Love the video so much. Explains show don't tell with some good examples. Curious as to what music is used towards the end in that sopranos clip? Great video:)
I suspect they're telling us because it's cheaper to film it VS showing us the story behind the eggs. It would have been way cooler to see it. But think of the cause VS the 2 characters walking on a virtual production set.
US movies and TV shows have been doing this since forever - it was only 20 years ago that they stopped doing it in 100% of all movies and TV shows (thank you Sopranos). Anime used to be the best genre at letting the stories tell themselves - now you find it everywhere, but the 'explanation' is creeping back into popularity.

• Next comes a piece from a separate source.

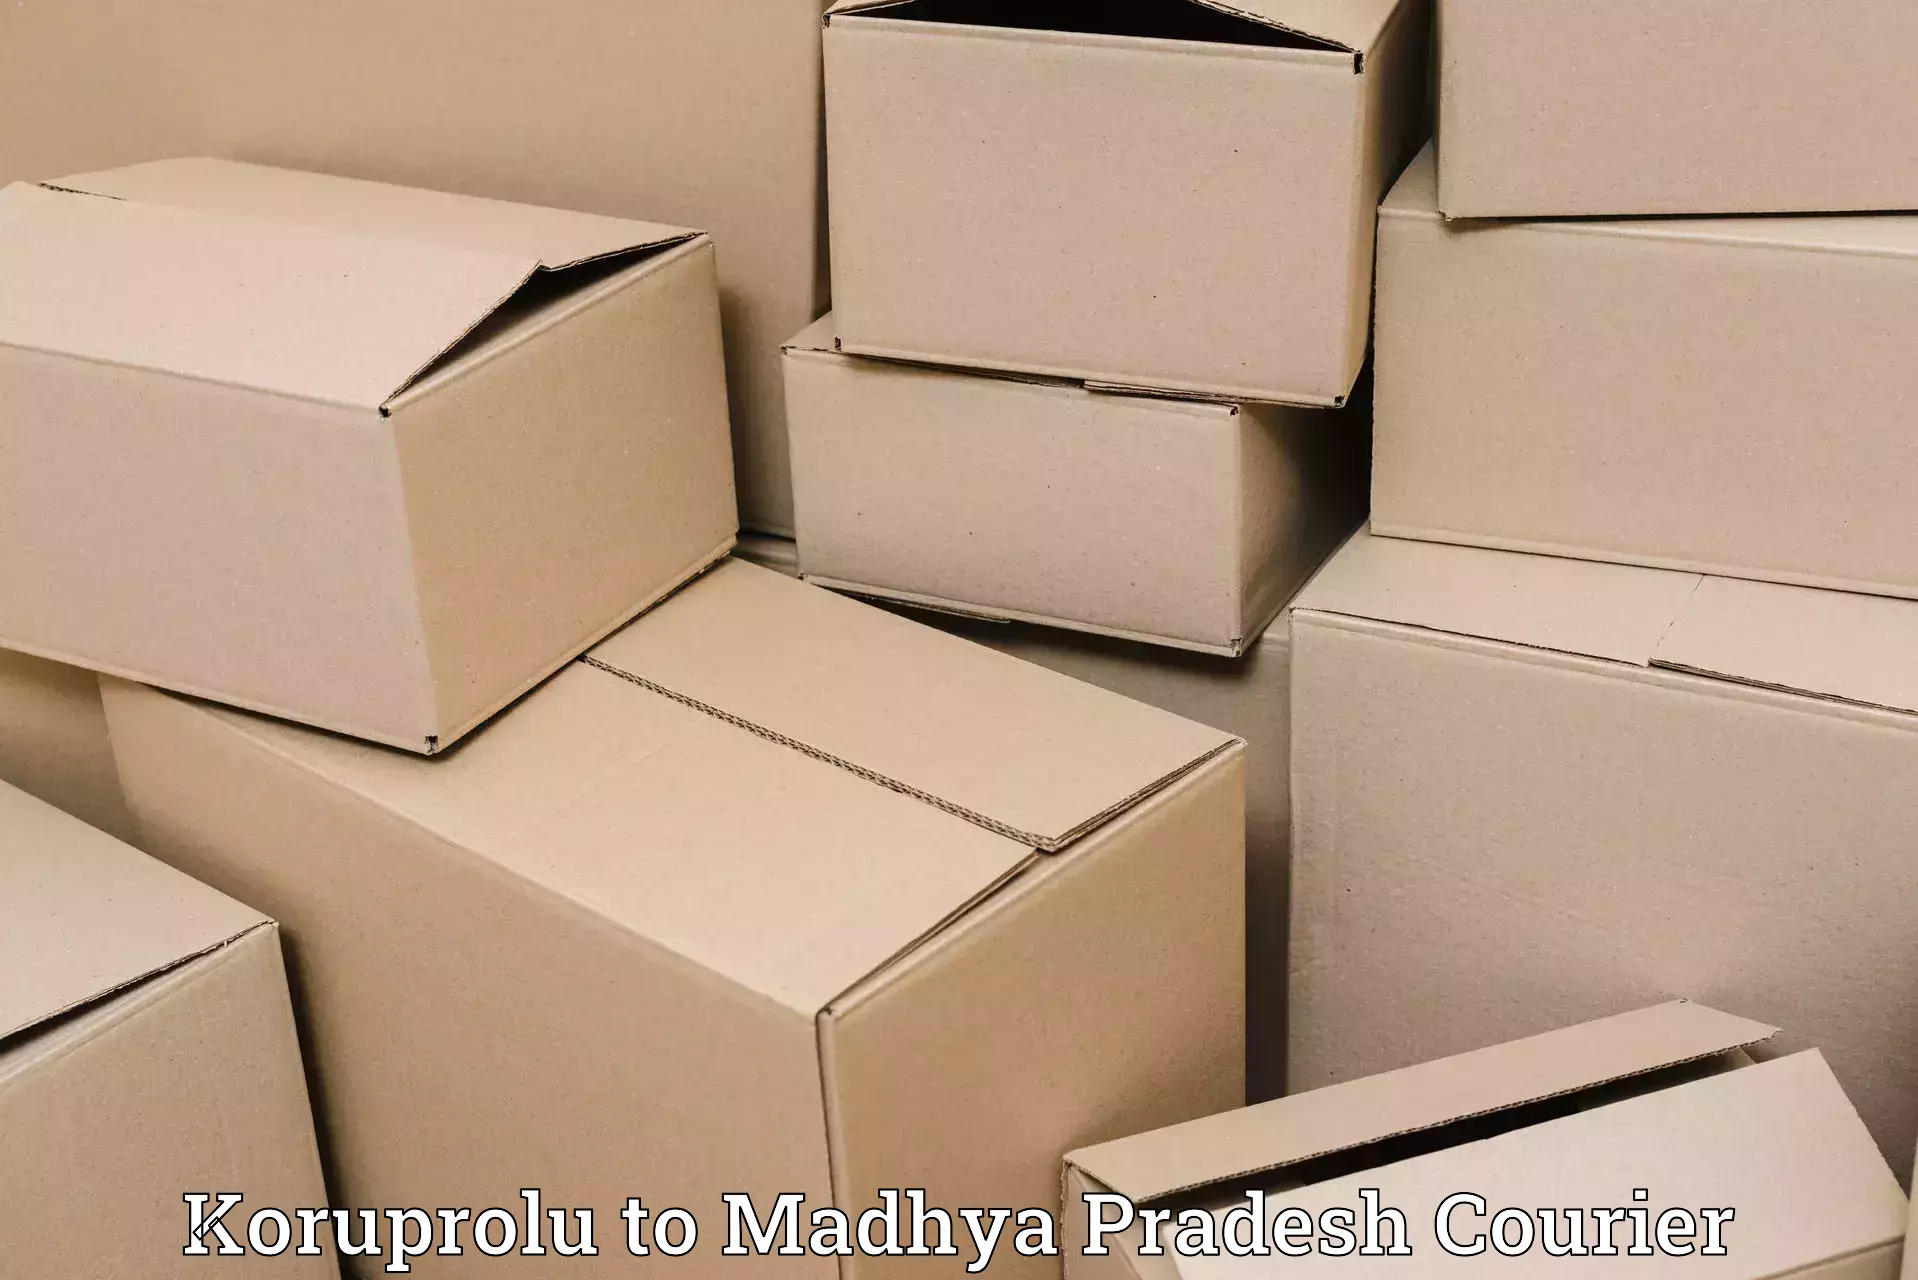 Secure shipping methods in Koruprolu to Niwari

Even though the technique that you want to see is more captivating, including the audience into the play is also a technique in a play style called “epic theatre “ which originated by Bertholt Brecht. The writer doesn’t want you to get lost in the play, on the contrary, he/she wants to know you are watching a play and by knowing that, he/she wants you to focus on the message
There's certainly something to that as well. Fyodor Dostoevsky did this type of thing in his storytelling, but it has to be done well- like anything- and not pretentiously or heavy-handedly to be any good. That Star Trek scene is incredibly conspicuous.
I know it's a bit late because the channel seems inactive now, but I thoroughly enjoy your video essays! I'm sad not enough people liked and subscribed to keep you going. I've only just found your channel, and it's already gone lol
Thank you for saying that. It was so heavily censored that I couldn't figure out how it differed from the examples of bad storytelling. I'm also not sure why that example censored all the f-bombs when many of the other examples let them fly unfettered.

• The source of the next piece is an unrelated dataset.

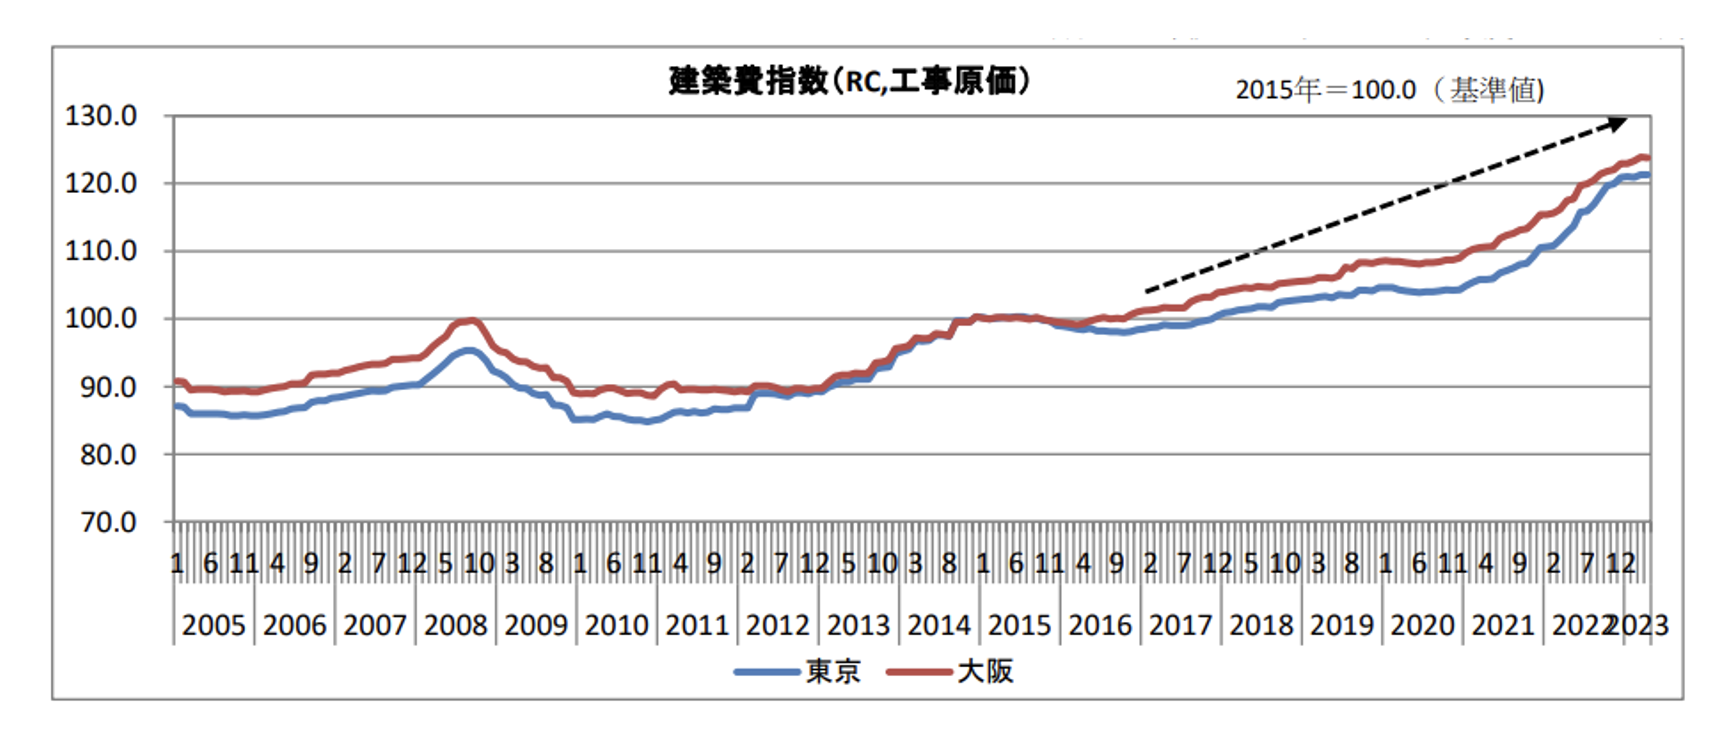 出典：（一社）建設物価調査会「建築費指数、建設物価指数月報」(※基準値が2015年)

this is why horror movies are(were? idk if theyre still making them like they were) popular with teenagers. the big flashing lights & loud noises when the monster shows up? those arent actually there to enhance how scary the thing happening on screen is -- you probably already know that startling someone isn't the same as scaring them & that the former can be detrimental to the latter. the reason they do it is because the intended audience is.... not watching the movie. they're made for people who are on their phones or talking to someone else over the movie, as an indication that the boring part u can ignore is over & its time to pay attention for a bit. its also why the "priest who shows up, has no actual reason they'd know anything about what's going on but infodumps all of the film's backstory & lore and recaps the plot" is basically universal in those movies. when ur doing it bc the target demographic is people who aren't actually that interested in watching films and/or are just in the theater because their friends are there -- sure, okay. but when you start applying those techniques to normal films it reeally starts to come off as not respecting the audience. i do accept on its face that to some extent it broadens the potential reach of the film, but also many times there is an amount of engagement with the film & its world that is lost if the movie itself doesn't expect you to engage with it
I'm not sure if David Lynch meant it to make fun of lazy exposition but there's a hilarious scene in the 3rd season of Twin Peaks which goes something like this: An FBI agent called Wilson has been given a task to find certain 'Douglas Jones' living in Los Angeles. The confused agent goes to see his boss and asks him "There's 43 people called Douglas Jones in the metropolitan L.A.. How are we gonna find the right one?". The boss completely loses his mind and yells at him "WILSON HOW MANY TIMES HAVE I TOLD YOU!? THIS IS WHAT WE DO IN THE FBI!". That's some next level writing genius. 😂 Edit: I remembered the details somewhat incorrectly but the basic idea is exactly the same.